### [Material for this exercise]
★ ★ ★ ★ ★ ★ ★

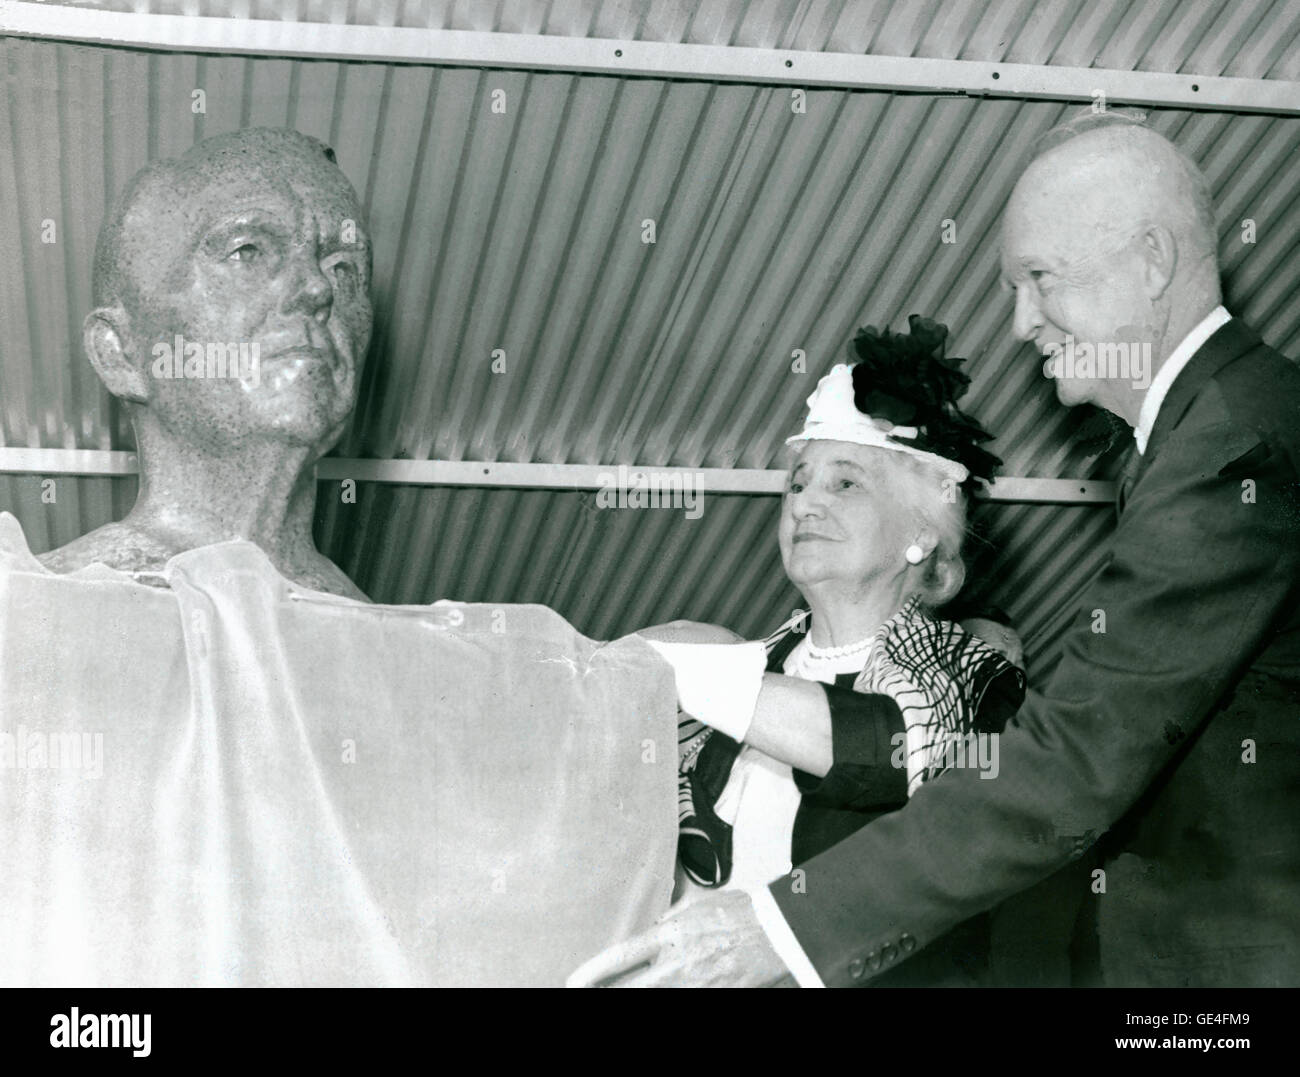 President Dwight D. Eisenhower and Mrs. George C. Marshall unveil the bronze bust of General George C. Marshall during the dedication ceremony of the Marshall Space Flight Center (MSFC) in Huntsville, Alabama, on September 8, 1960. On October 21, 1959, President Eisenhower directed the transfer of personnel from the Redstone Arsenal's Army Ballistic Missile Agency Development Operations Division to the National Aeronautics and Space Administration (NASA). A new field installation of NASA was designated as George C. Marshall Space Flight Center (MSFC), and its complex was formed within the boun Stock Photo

★ ★ ★ ★ ★ ★ ★

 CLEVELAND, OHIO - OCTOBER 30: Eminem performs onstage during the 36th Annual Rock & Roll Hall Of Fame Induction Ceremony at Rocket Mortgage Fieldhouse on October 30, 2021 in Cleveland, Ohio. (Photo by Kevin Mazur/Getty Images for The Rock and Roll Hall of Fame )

★ ★ ★ ★ ★ ★ ★

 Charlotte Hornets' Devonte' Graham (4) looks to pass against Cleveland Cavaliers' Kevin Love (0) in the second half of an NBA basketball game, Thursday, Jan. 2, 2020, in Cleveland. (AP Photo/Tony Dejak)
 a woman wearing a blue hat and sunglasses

★ ★ ★ ★ ★ ★ ★

### [Work task]
Return the total of lines in these records that hold "Kevin", without any other words.

### [Result for this task]
2